The listing is to be transcribed in full, with its images left out.

──────── DATASET EXTRACT

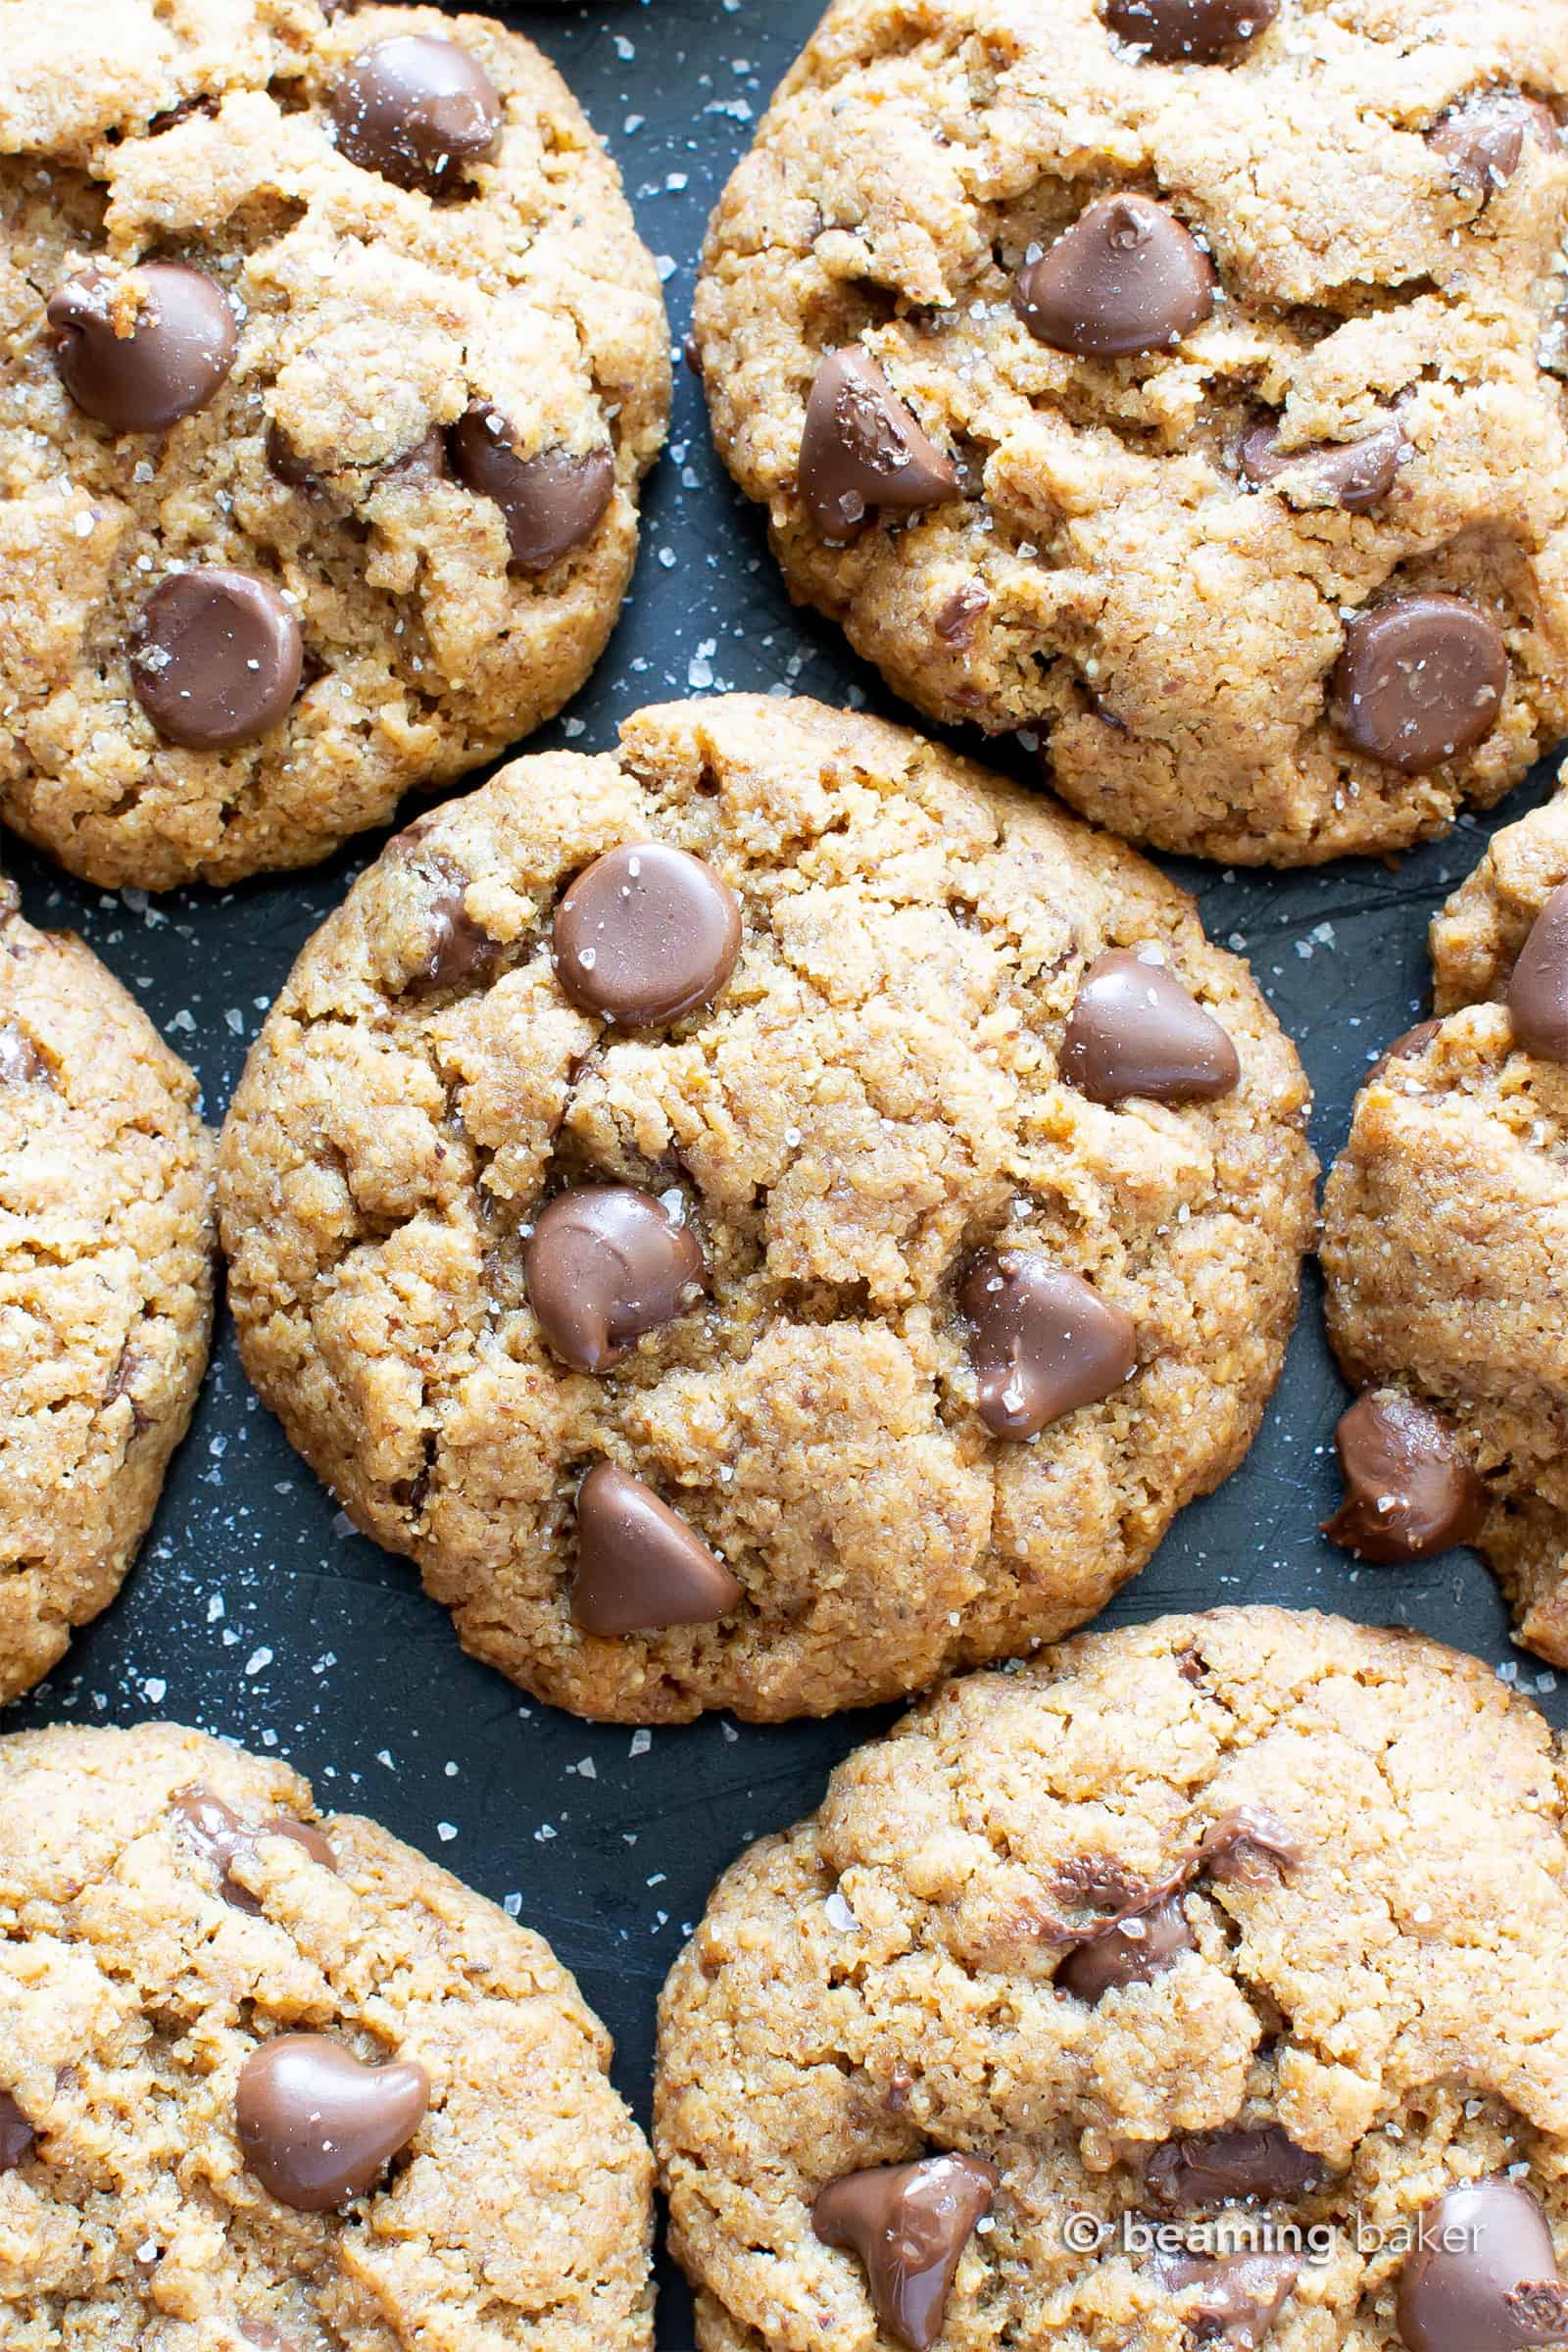 Salted Tahini Paleo Chocolate Chip Cookies (Coconut Flour): this gluten free chocolate chip cookies recipe is chewy, salty ‘n sweet! The best coconut flour chocolate chip cookies made with tahini butter! #Paleo #GlutenFree #Vegan #Cookies #GrainFree #Chocolate | Recipe at BeamingBaker.com
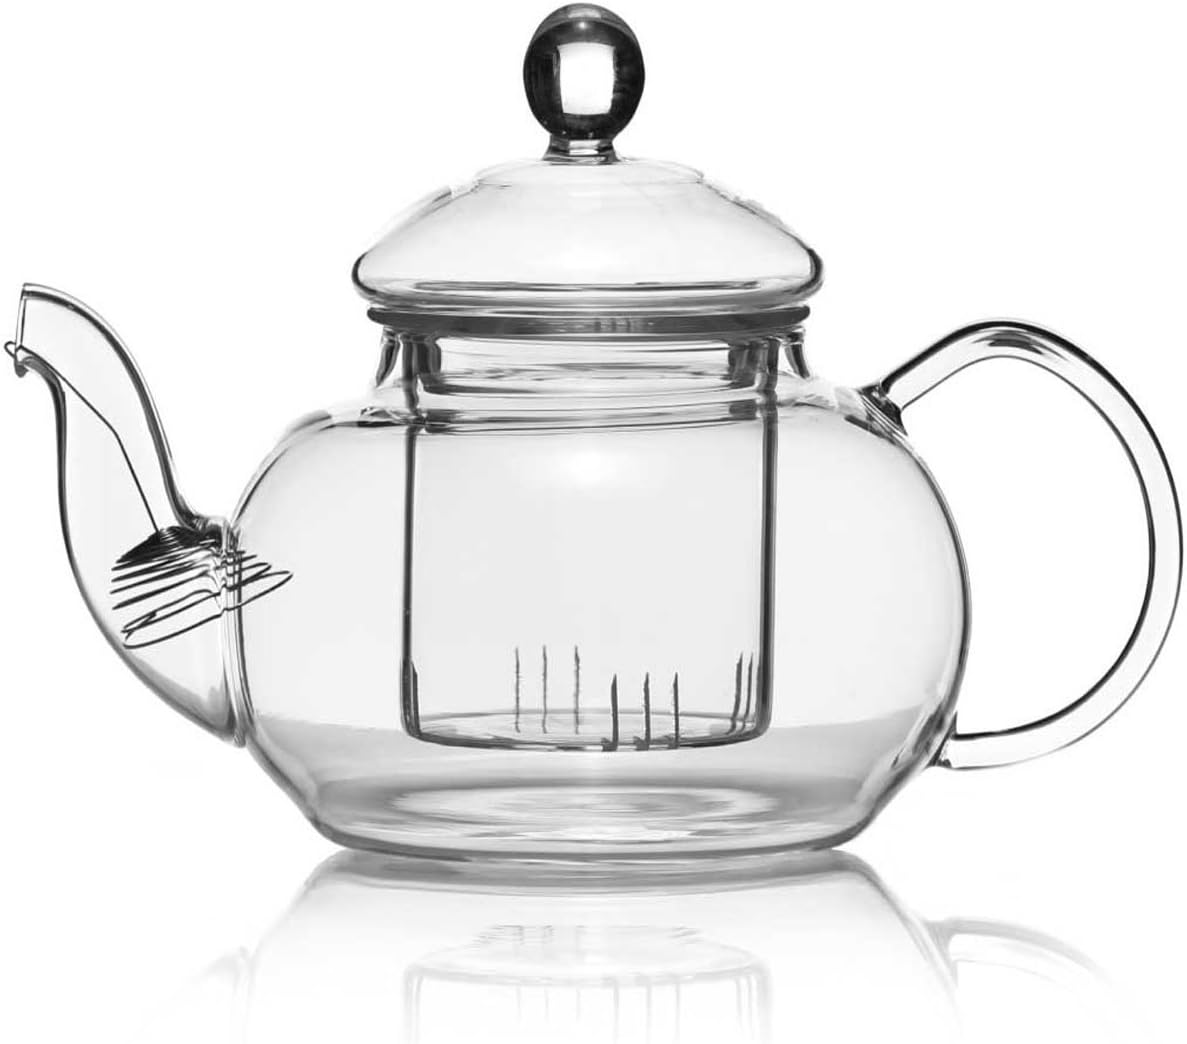 Hand Blown Borosilicate Solikat Glass Teapot with Filter and Infuser Teapot with filter insert by dimono
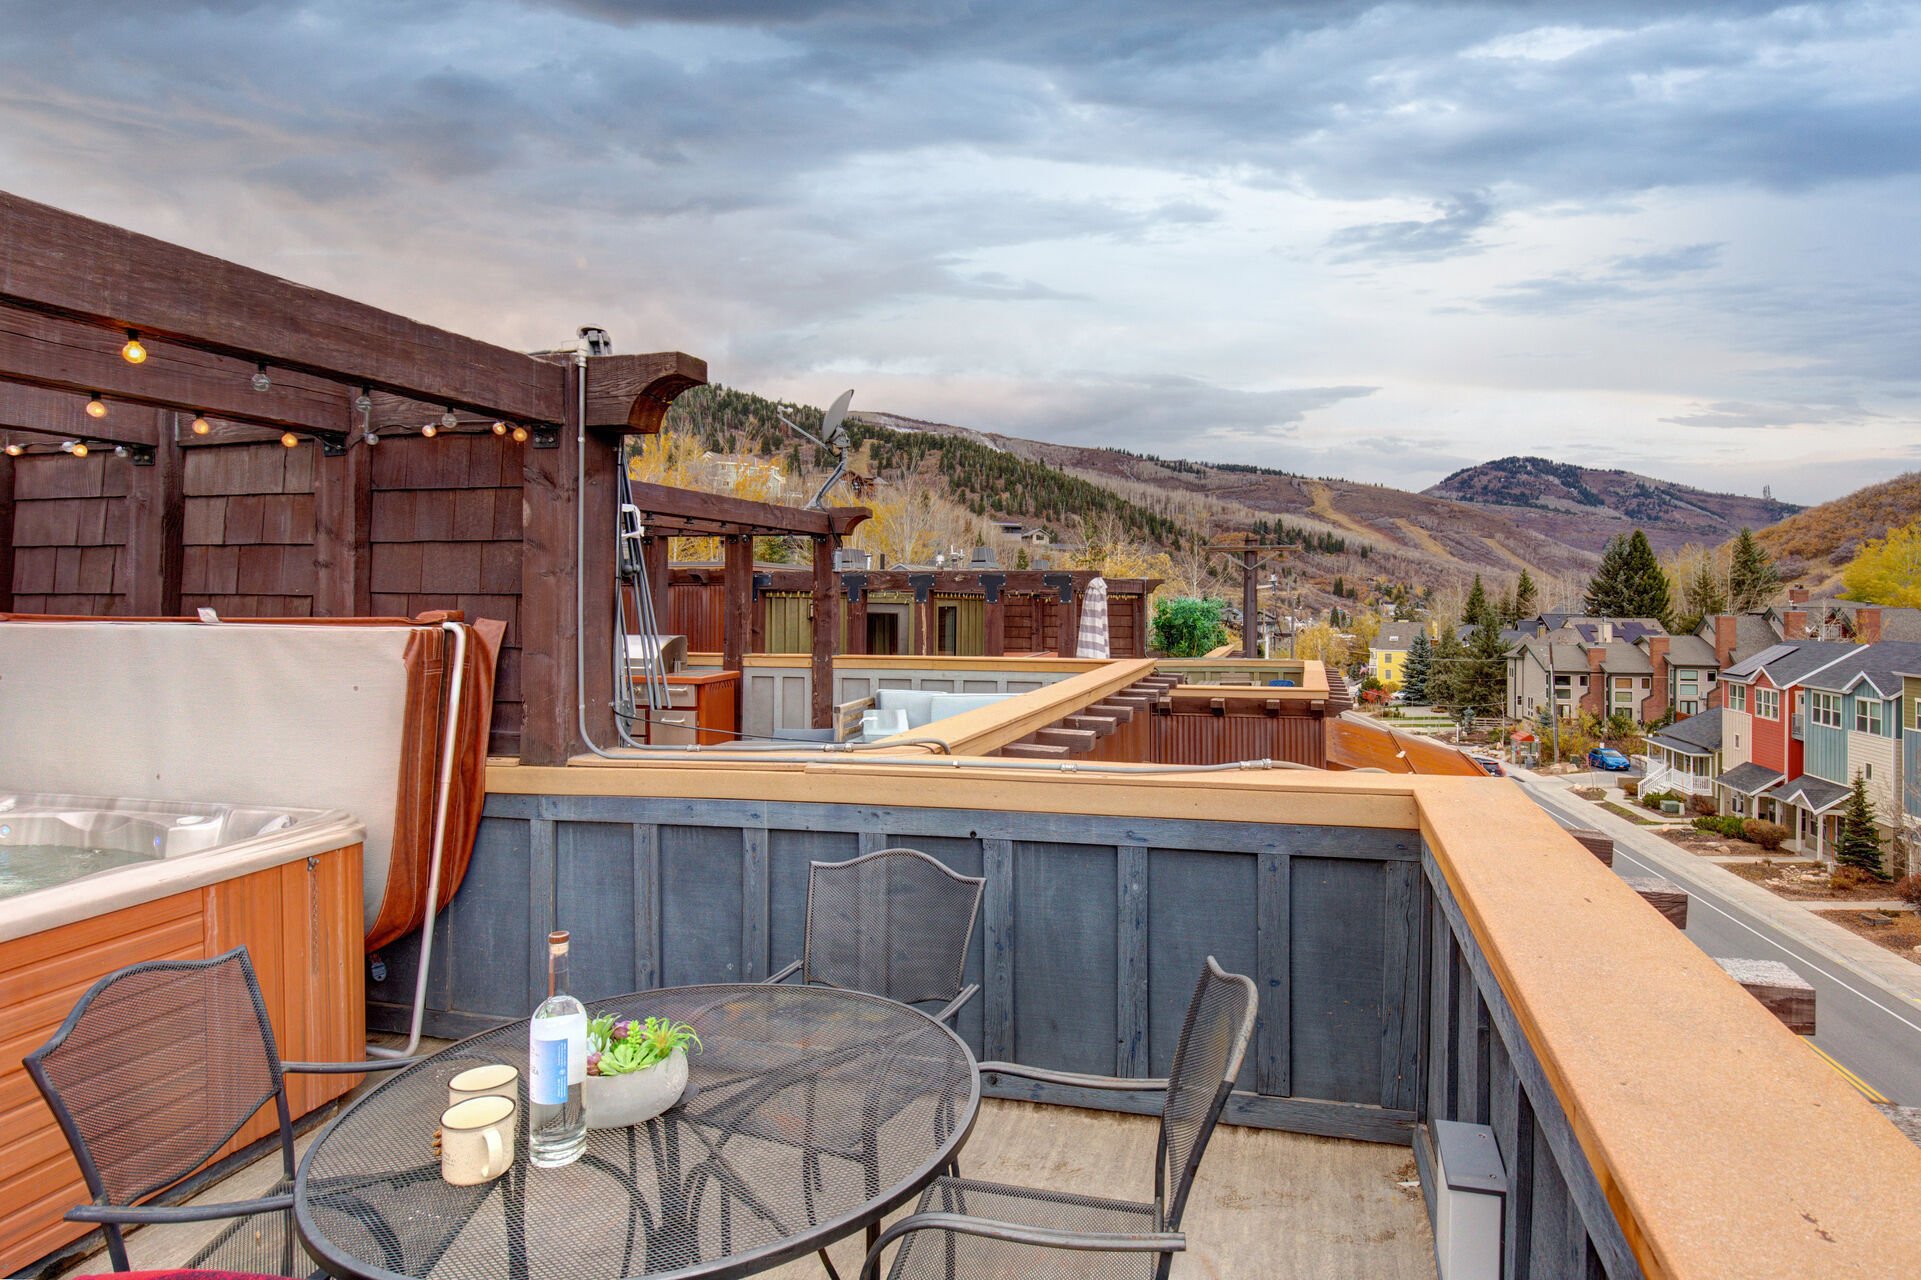 Private Roof Deck with Powder Room,  hot tub, two seating areas, outdoor fire-pit, BBQ, and stunning surrounding views of Park City

────────────────

* WORKED SOLUTION:
 Salted Tahini Paleo Chocolate Chip Cookies (Coconut Flour): this gluten free chocolate chip cookies recipe is chewy, salty ‘n sweet! The best coconut flour chocolate chip cookies made with tahini butter! #Paleo #GlutenFree #Vegan #Cookies #GrainFree #Chocolate | Recipe at BeamingBaker.com
 Hand Blown Borosilicate Solikat Glass Teapot with Filter and Infuser Teapot with filter insert by dimono
 Private Roof Deck with Powder Room,  hot tub, two seating areas, outdoor fire-pit, BBQ, and stunning surrounding views of Park City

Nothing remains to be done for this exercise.